Until relatively recent times, information theory had been employed to study n-dimensional multivariate systems two variables at a time (bivariate). However, all natural systems are multivariate and a scientific inquiry into their operation requires understanding how these multiple variables interact. In a multivariate system, bivariate measures such as pairwise mutual information alone are insufficient to capture the polyadic interactions between the different variables [James and Crutchfield, 2017]. Partial Information Decomposition (PID) is an extension of Shanon information measures that allows us to study the interaction between variables in a multivariate system by decomposing the total information that multiple source variables provide about a target variable into its constituent non-negative components [Williams and Beer, 2010]. More specifically, in a trivariate case, the three variables can be separated into one target and two source variables. The total information that the two sources have about the target is given by the bivariate mutual information between the concatenated sources as one variable and the target. Using PID, the dependencies between the sources can be studied by decomposing this total information into the following non-negative components: information that each source uniquely provides about the target, information that they redundantly provide and the synergistic information that is only available when both sources are known. There have been multiple approaches proposed to perform said decomposition [Williams and Beer, 2010, Griffith and Koch, 2014, Bertschinger et al., 2014, James et al., 2018b]

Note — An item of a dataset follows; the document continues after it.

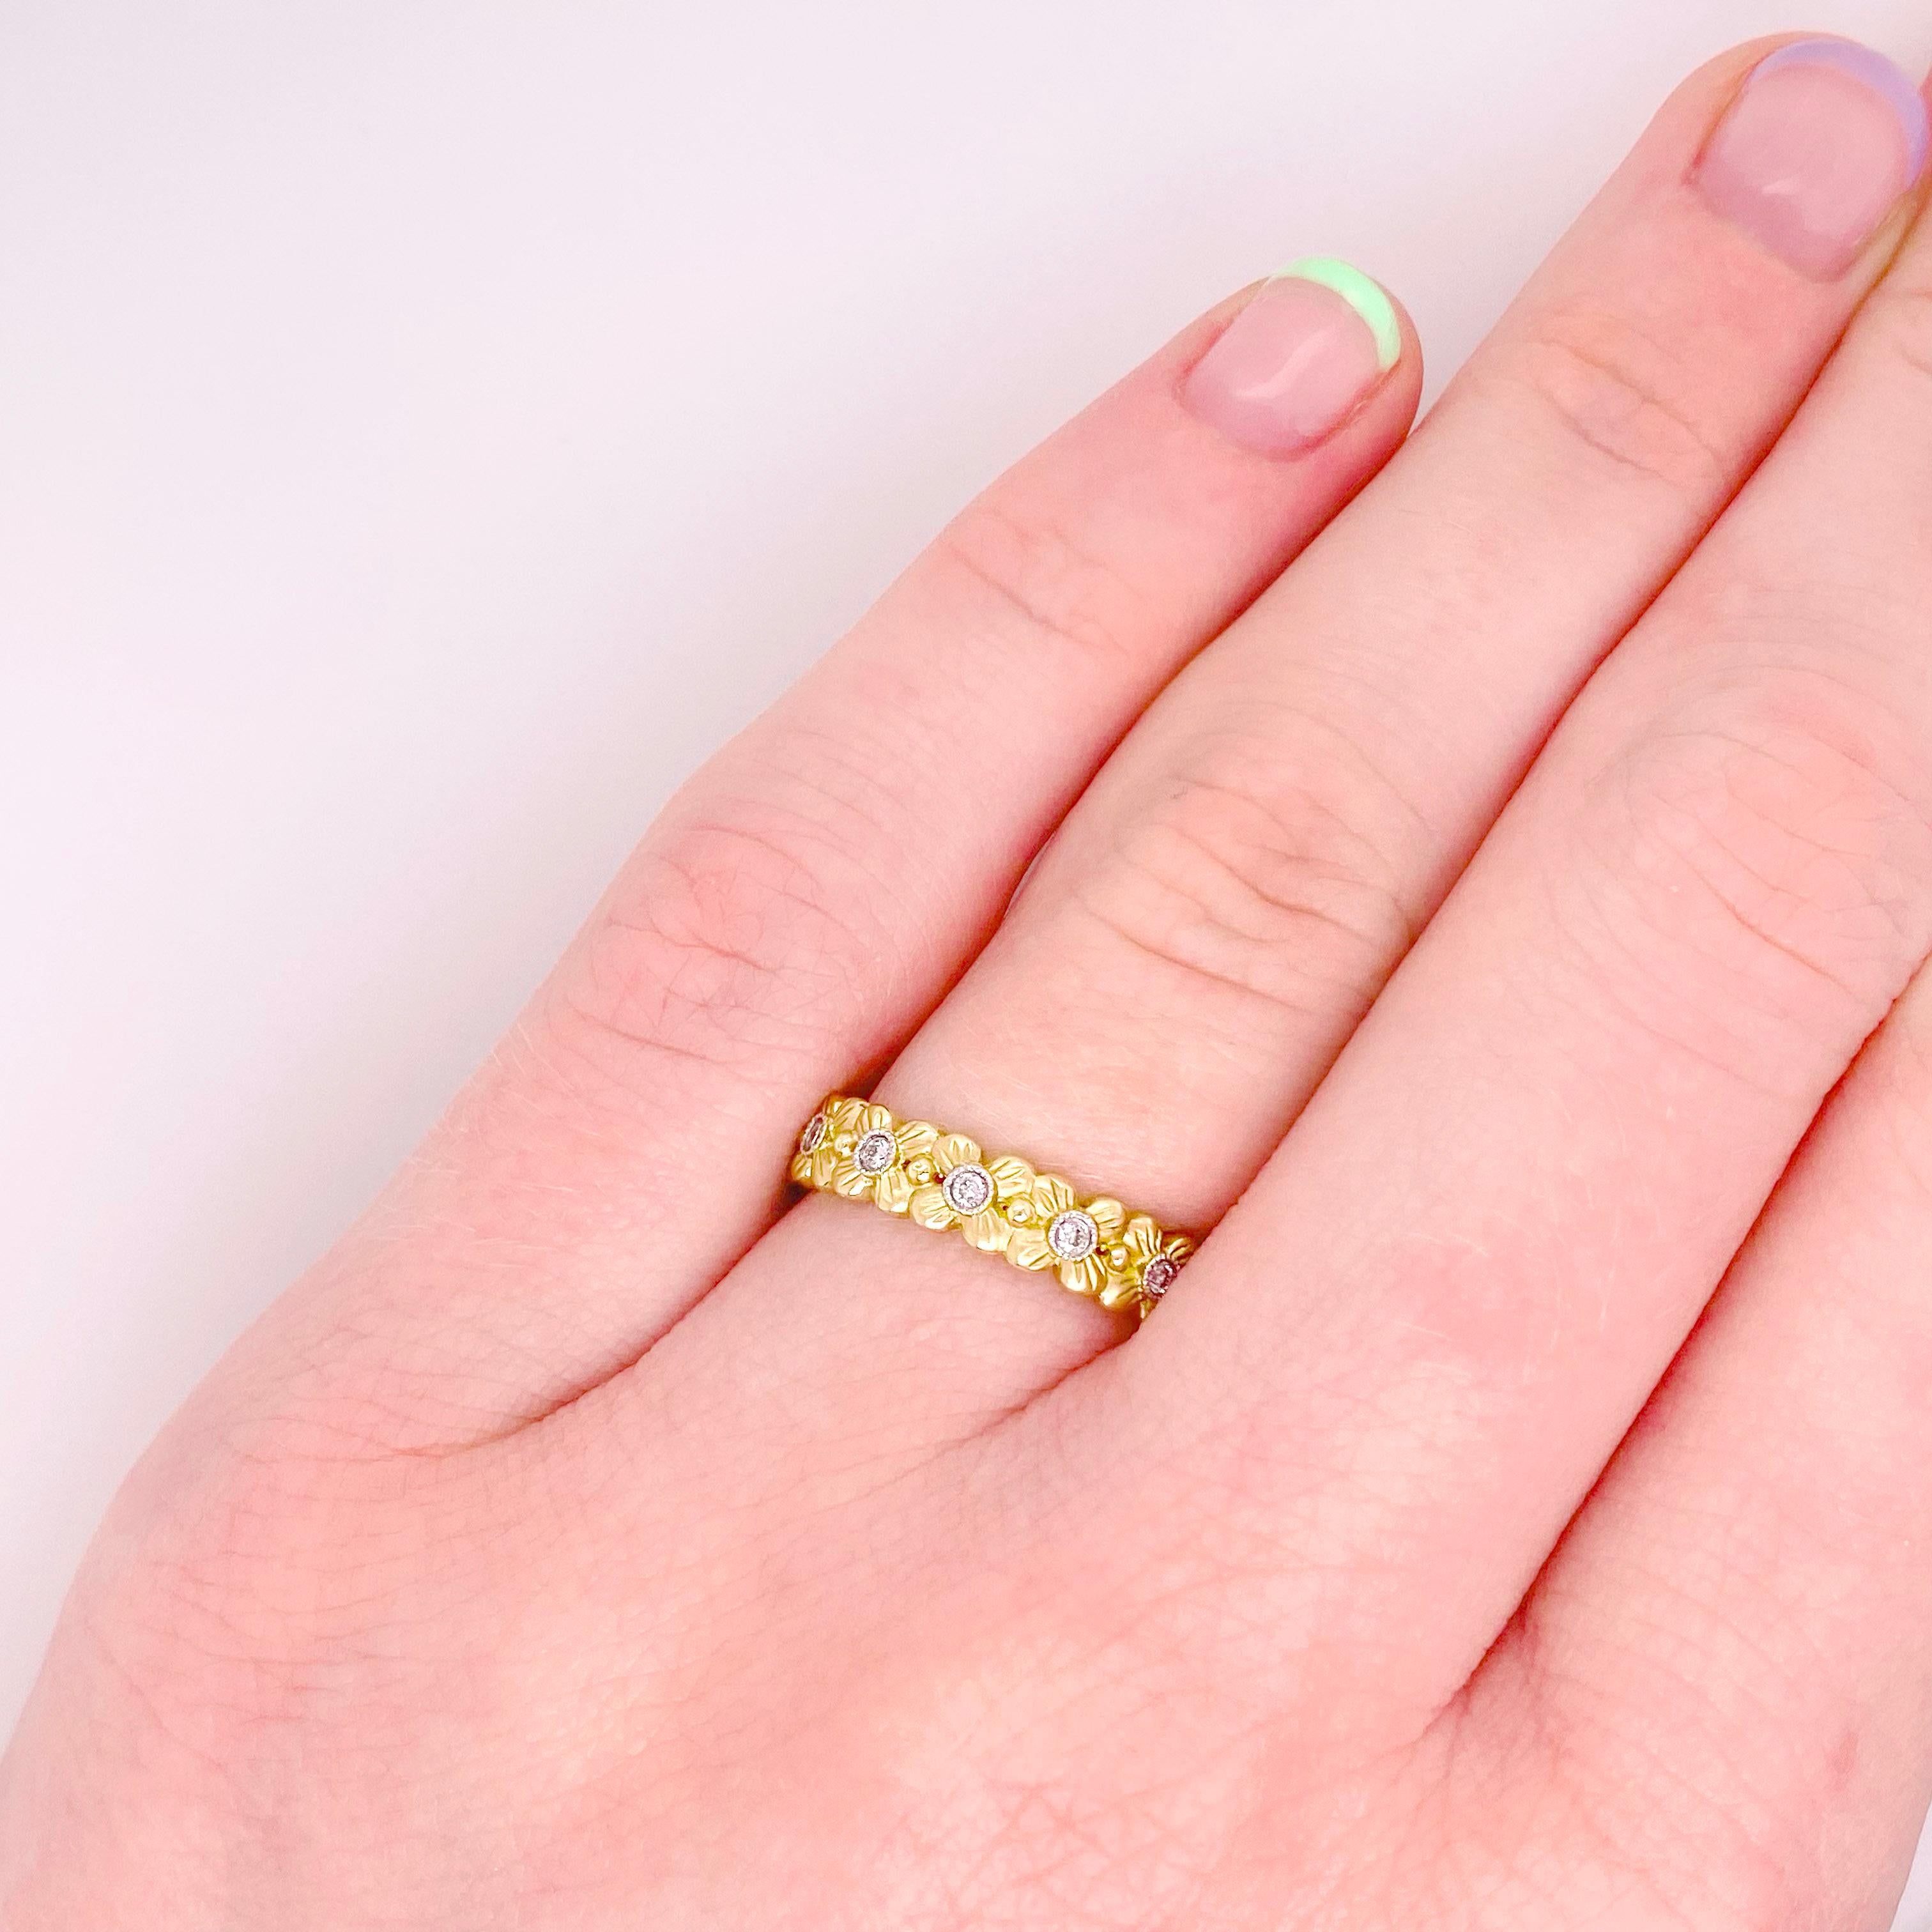 For Sale:  Flowery Design Band by Five Star Jewelry, Flower Eternity Band Sizing Available 4

. Here we focus on the approach proposed by [@williams2010] primarily because this package implements PID for two and three source decomposition, and as of now, this is the only approach that guarantees non-negative decomposition for the 4 variable case (1 target and 3 sources). Multivariate analysis allows us to ask more detailed questions such as, what is the amount of information that is uniquely provided about a target random variable by one source and not another? and what is the amount of information that is transferred from one random process X to another Y over and above Y’s own information from its past? These questions enable us to understand the interactions between different components of a complex system, thereby leading us towards an understanding of its operation given just the observed data from the system.

## Features

infotheory implements widely used measures such as entropy and mutual information [Cover and Thomas, 2012], as well as more recent measures that arise from multivariate extensions to information theory. As such, the tool has been designed to be easy to use and is ideal for pedagogical demonstrations of information theory as well as in research. infotheory is open-source (https://git.io/infot) and details on how to install it and use it are available on its website. Here, we highlight seven key aspects of its implementation that make our package a valuable addition to any information theoretic analyses toolbox along with two existing packages, namely dit [James et al., 2018a] (focuses on discrete variables) and IDTxL [Wollstadt et al., 2019]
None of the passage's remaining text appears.